I have 1 basic questions on NextStrain. I would deeply appreciate if some expert could kindly shed lights. Compared with traditional phylogenetic software such as MEGA, I feel that the biggest and coolest feature of nextStrain is that it can handle large amount of genomes. For example, I just checked, the “latest global analysis” shows “4026 of 4026 genomes sampled between Dec 2019 and May 2021”. I assume that no other phylogenetic software can do this. However, If I only want to identify the origin (Virus 0 in patient 0) of SARS-COV-2, do I really need the genome data of 4026 virus? I know that I could filter by country and exclude by date. But if I don’t know the country and the date of the virus extraction, I only have the FASTA file, can I filter out by the number of mutations? For example, can I extract top 10 SARS-COV-2 virus genomes that have the least mutations compared to RaTG13?
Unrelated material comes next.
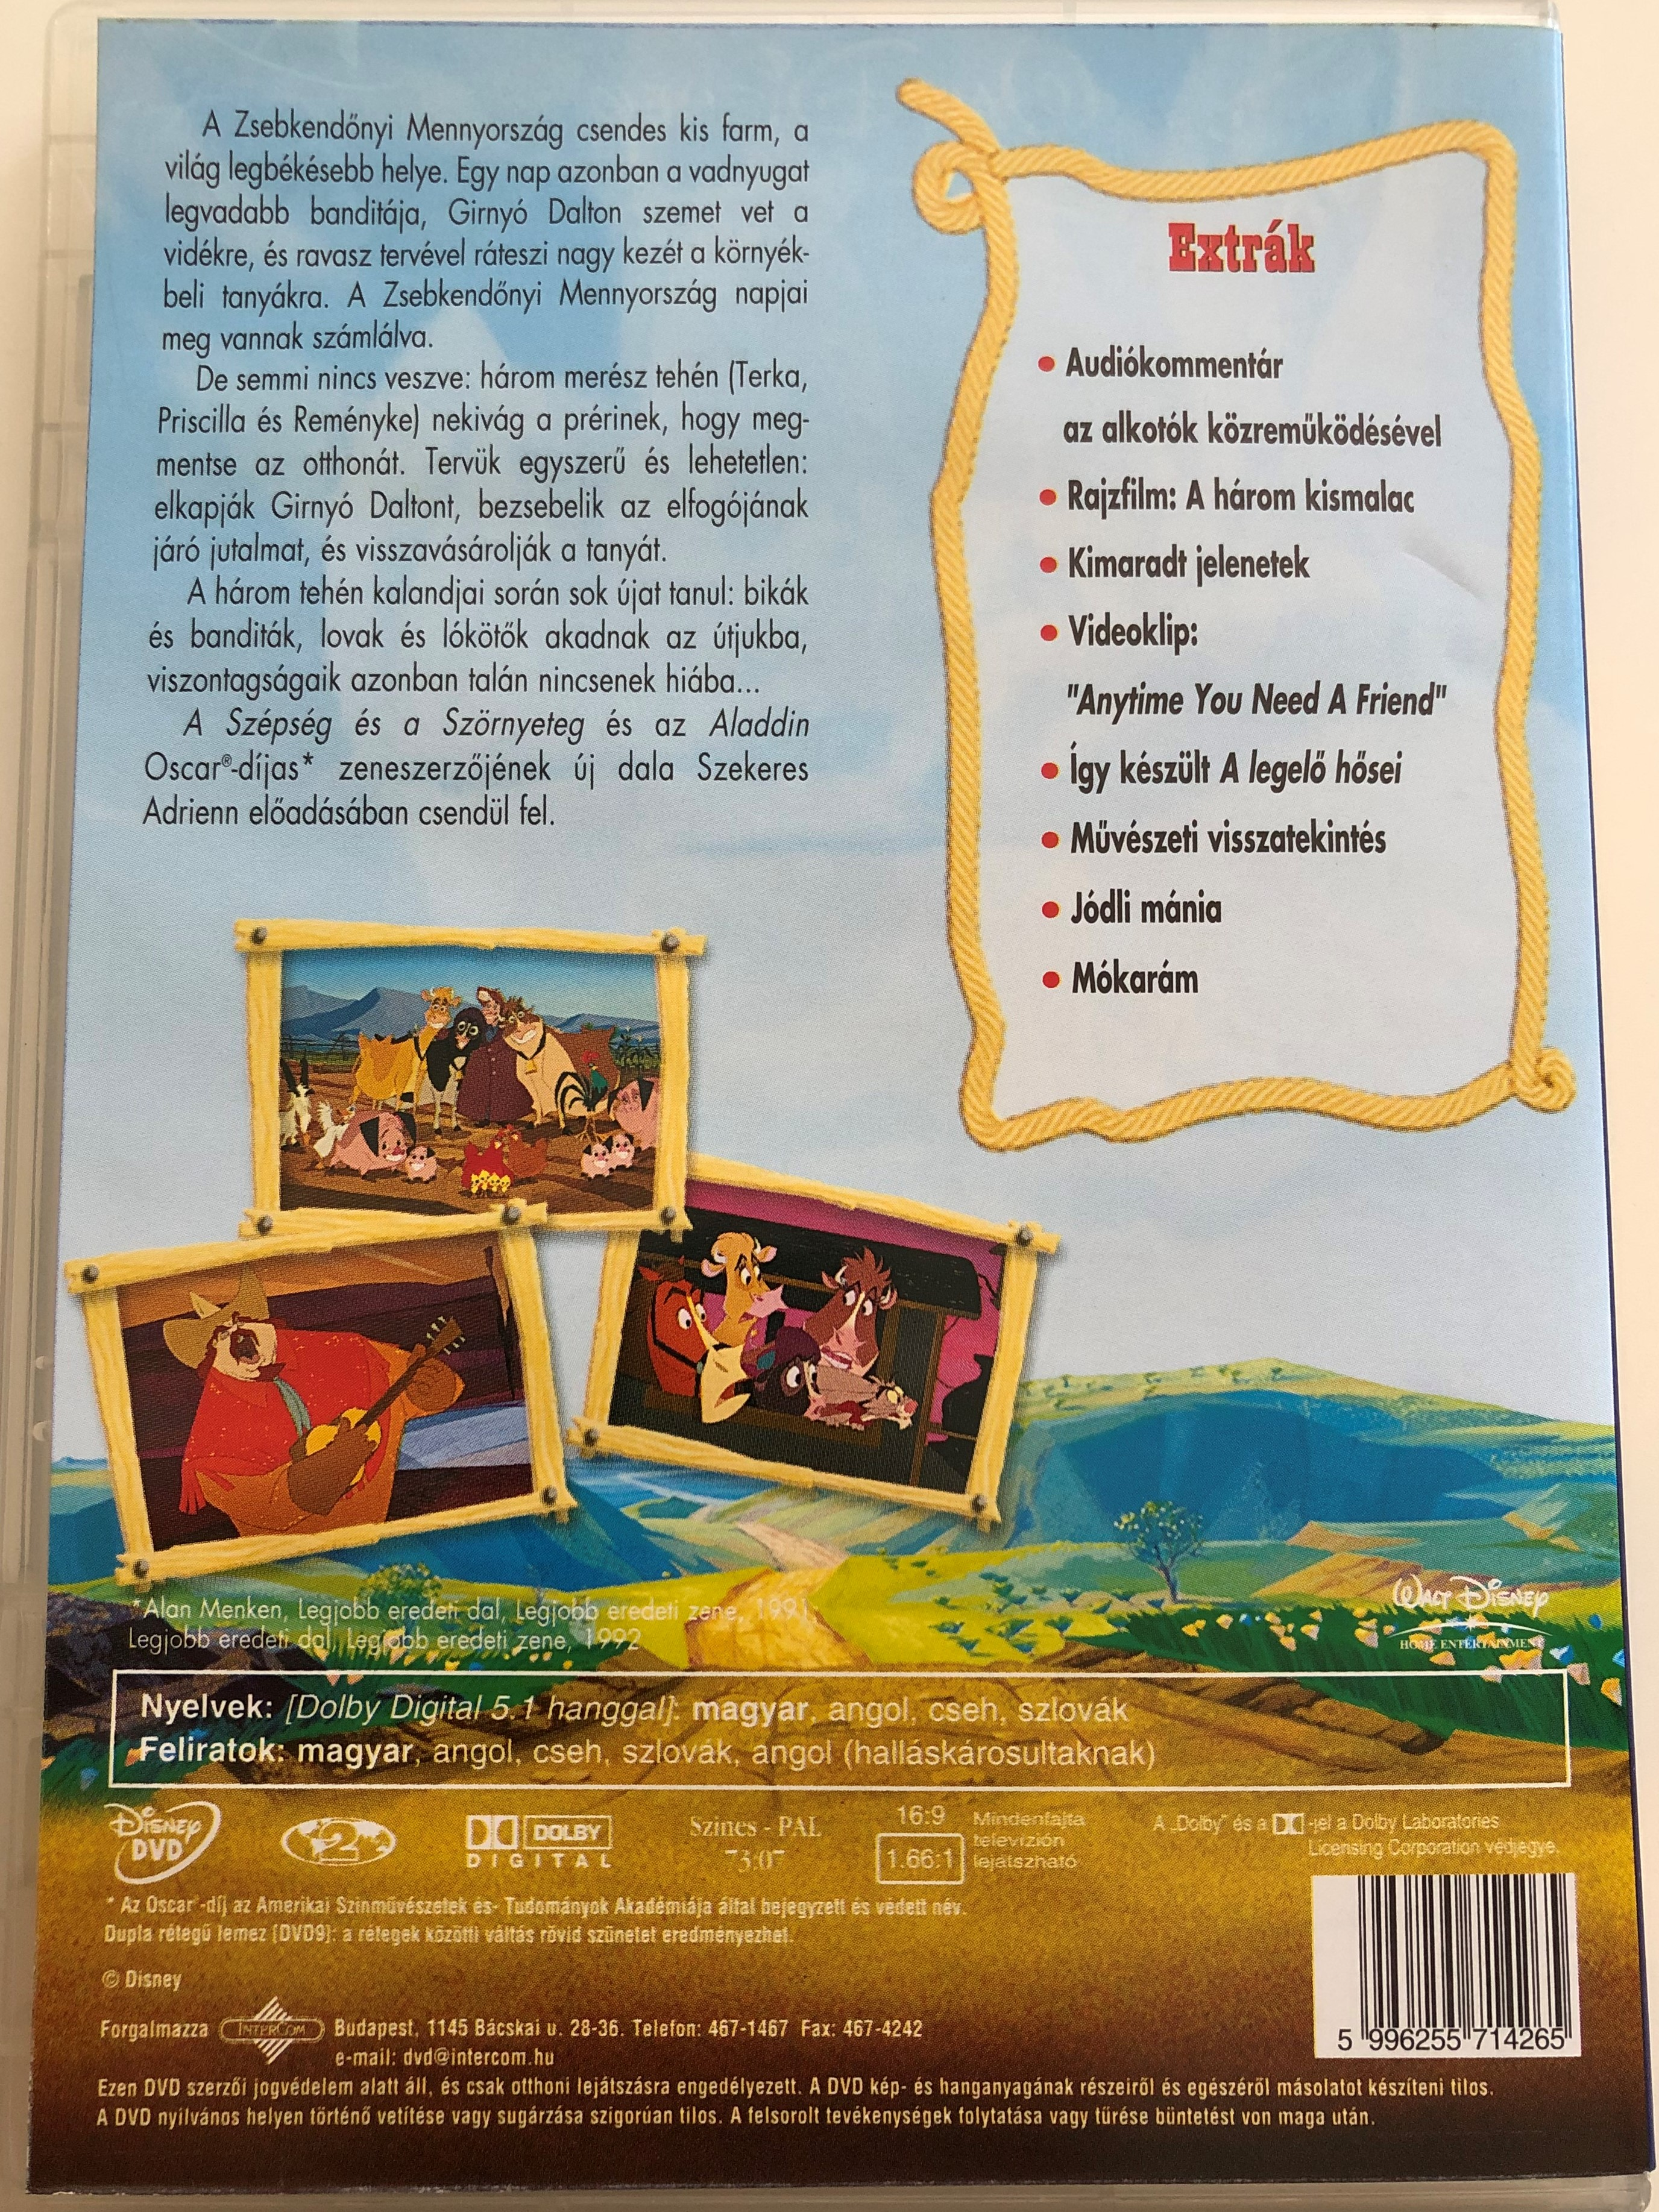 home-on-the-range-dvd-2004-a-legel-h-sei-directed-by-will-finn-john-sanford-starring-roseanne-barr-judi-dench-jennifer-tilly-cuba-gooding-jr.-randy-quaid-steve-buscemi-2-.jpg

I also have a technical question on using the GISAID data. The following screenshots show the beginning and ending part of the genome data for the same SARS-COV-2 virus that I downloaded from GISAID. The “full” data has 35,563 characters. As we know, the SARS-COV-2 virus has ~30,000 bases. So, what are the extra 5,563 bases? Are they labels of the sequencing library? For the later part of the first line of the unmasked file, it is “actttga…”, but why the masked file becomes “-----nnn”? I assume “—” means missing while “nnn” means failed. However, the GISAID data only provides FASTA file, there is no FASTQ file with quality score. So, how this “mask” file is generated?
Your beloved lady/gentleman’s kind response would be greatly appreciated!